Security Concerns - Logstash echoes credentials to stdout

jameslamb · March 19, 2018, 2:44am

Hello,

I was going to open an issue on GitHub, but the issue template directed me here.

I'm very new to Logstash, but noticed something concerning tonight and wanted to ask if the community is aware of this. On failed attempts to hit S3, Logstash is echoing my AWS credentials to the output stream.

I am running a simple pipeline to import data from AWS S3 and move it into an Elasticsearch cluster. I have an input block similar to this:

input {
    s3 {
        access_key_id => "${S3_KEY}"
        secret_access_key => "${S3_SECRET}"
        region => "us-east-1"
        bucket => "${BUCKET_NAME}"
        interval => 2
        codec => "json"
      }
}

I am using environment variables to configure this pipeline. While running, I hit an error because some of the files in that bucket have different security settings than I'd expected. This error is 100% my fault and not a bug I am reporting, but I was surprised to see a message like this in the Logstash output:

[2018-03-18T21:14:04,592][ERROR][logstash.pipeline        ] A plugin had an unrecoverable error. Will restart this plugin.
  Pipeline_id:main
  Plugin: <LogStash::Inputs::S3 access_key_id=>"MY_ACCESS_KEY", secret_access_key=>"MY_SECRET_KEY", region=>"us-east-1", bucket=>"BUCKET_NAME", interval=>2, codec=><LogStash::Codecs::JSON id=>"json_31c4beff-0d8c-4cbe-b7b6-efb3aaa2b927", enable_metric=>true, charset=>"UTF-8">, id=>"c763ef7921e0bae8eb2e63f686735aa3846e7d644f317ee589d7123646c3e831", enable_metric=>true, delete=>false, temporary_directory=>"/var/folders/ww/6m7gkcds5sn_5b3bgl6_d3xcpm028j/T/logstash">
  Error: Access Denied
  Exception: Aws::S3::Errors::AccessDenied

In the output above, I've manually added the literal text MY_ACCESS_KEY, MY_SECRET_KEY, and BUCKET_NAME so I am not disclosing too much in this post. However...my keys were printed in the actual output!

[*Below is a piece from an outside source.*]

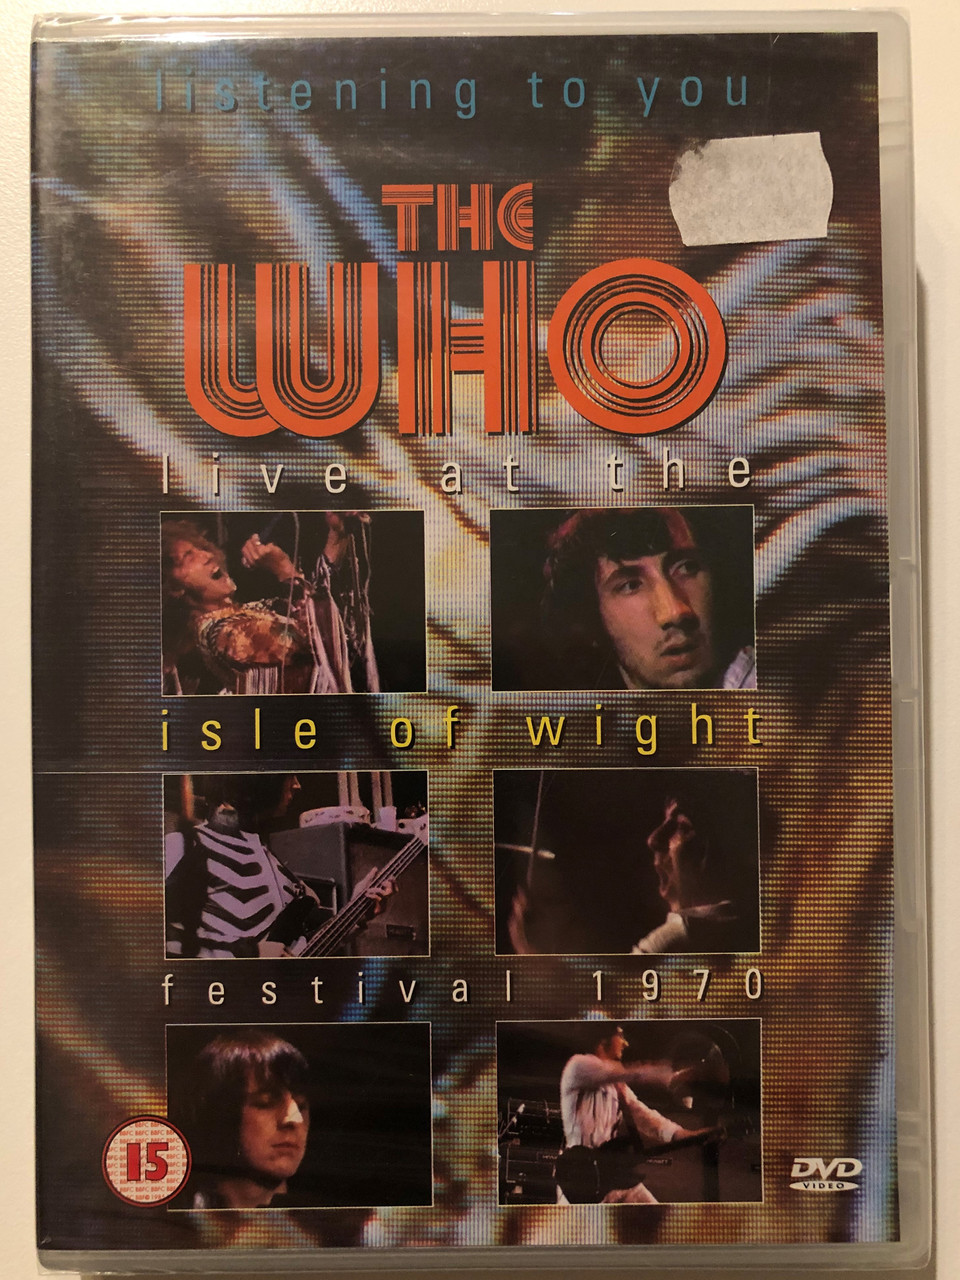 Listening_to_You_The_Who_at_the_Isle_of_Wight_UK_Warner_Music_0630-14360-2._Released_June_26_2000_Director_Murray_Lerner_Executive_producer_Bill_Curbishley_DVD_2__51063.1692099531.1280.1280.JPG (960×1280)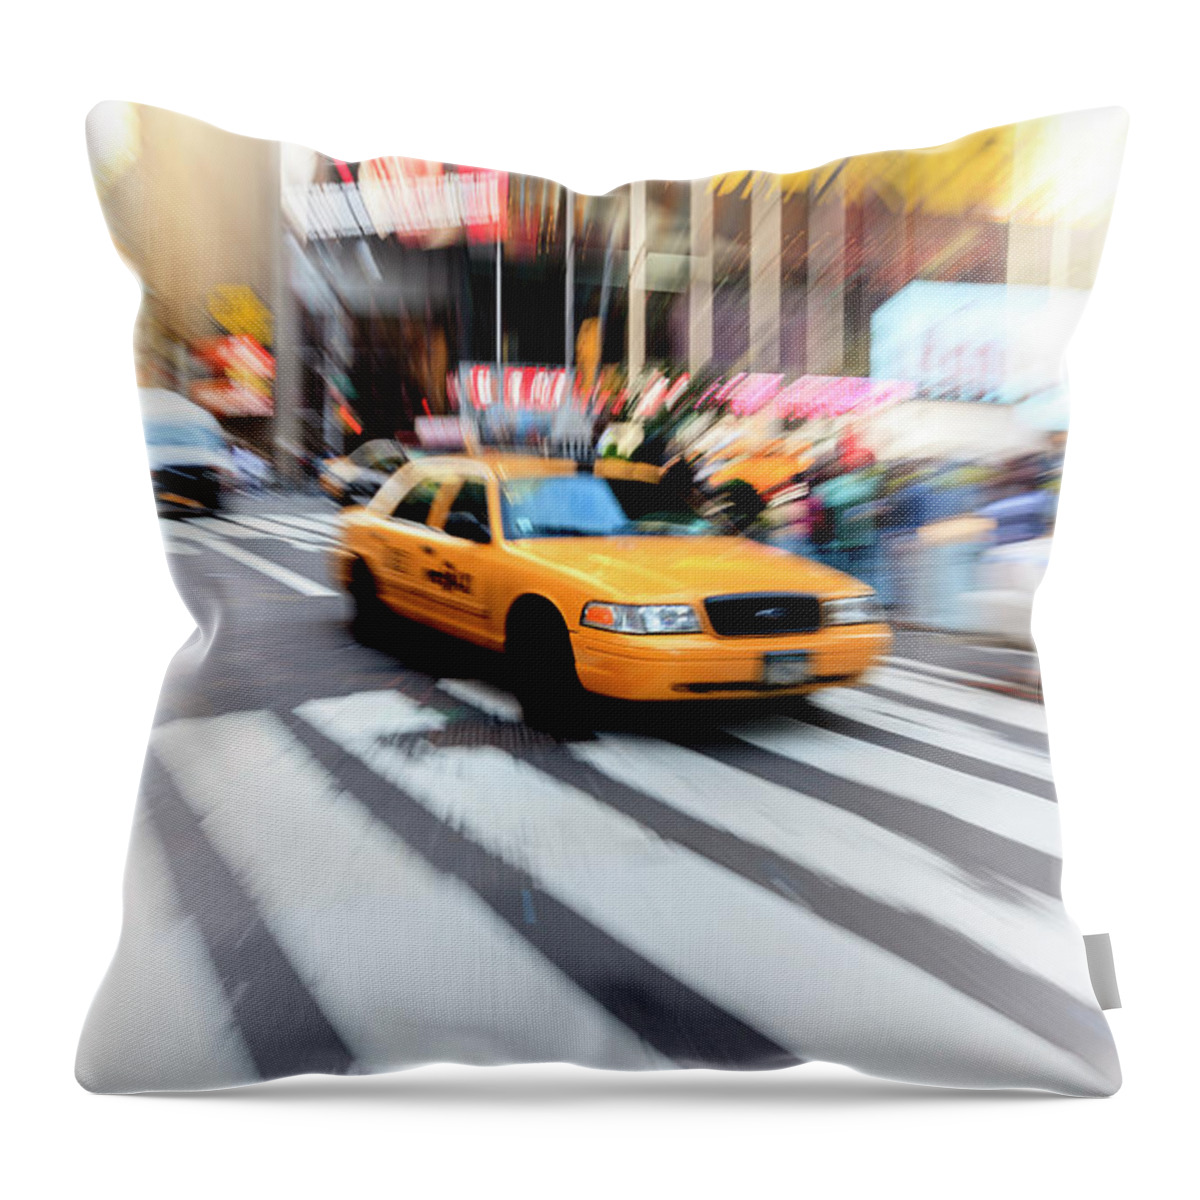 Blurred Motion Throw Pillow featuring the photograph Taxi & Reflections, Times Square, New by Fred Froese

Printing literal credentials to stdout is a security risk. Can someone explain to me why the pipeline is evaluated before being printed (instead of printing the literal text in the Logstash config)? I tried looking through the code but couldn't quite understand how the string interpolation there is working.

Thanks very much!

-James

jakelandis · March 23, 2018, 2:16pm

@jameslamb- this has been fixed and is included as the default for Logstash as of 6.2.3.

The plugins have the ability to update independently of the Logstash version, and if you can't upgrade Logstash to the latest version, you can update just the plugin:

bin/logstash-plugin update logstash-input-s3

(note the fix also applies to any aws based plugins)

Thank you for reporting this, however for future security related issues please refer to https://www.elastic.co/community/security

jameslamb · March 23, 2018, 7:28pm

Thanks @jakelandis! Can you point me to the PR where it was implemented? I'm just curious to see how it was handled.

You should also consider putting that special security information in the re-direct text that pops up when people try to open issues on GitHub. I only came here following the advice on https://github.com/elastic/logstash/issues/new

jakelandis · March 23, 2018, 7:42pm

@jameslamb - https://github.com/logstash-plugins/logstash-mixin-aws/commit/d42c7597b7b6bc192d55a7a787180112a42535cd

The mixin-aws is used across all of the aws based plugins.

jakelandis · March 23, 2018, 7:56pm

Thanks for the suggestion for the security information. This has also been updated: https://github.com/elastic/logstash/issues/new

system · April 20, 2018, 7:56pm

This topic was automatically closed 28 days after the last reply. New replies are no longer allowed.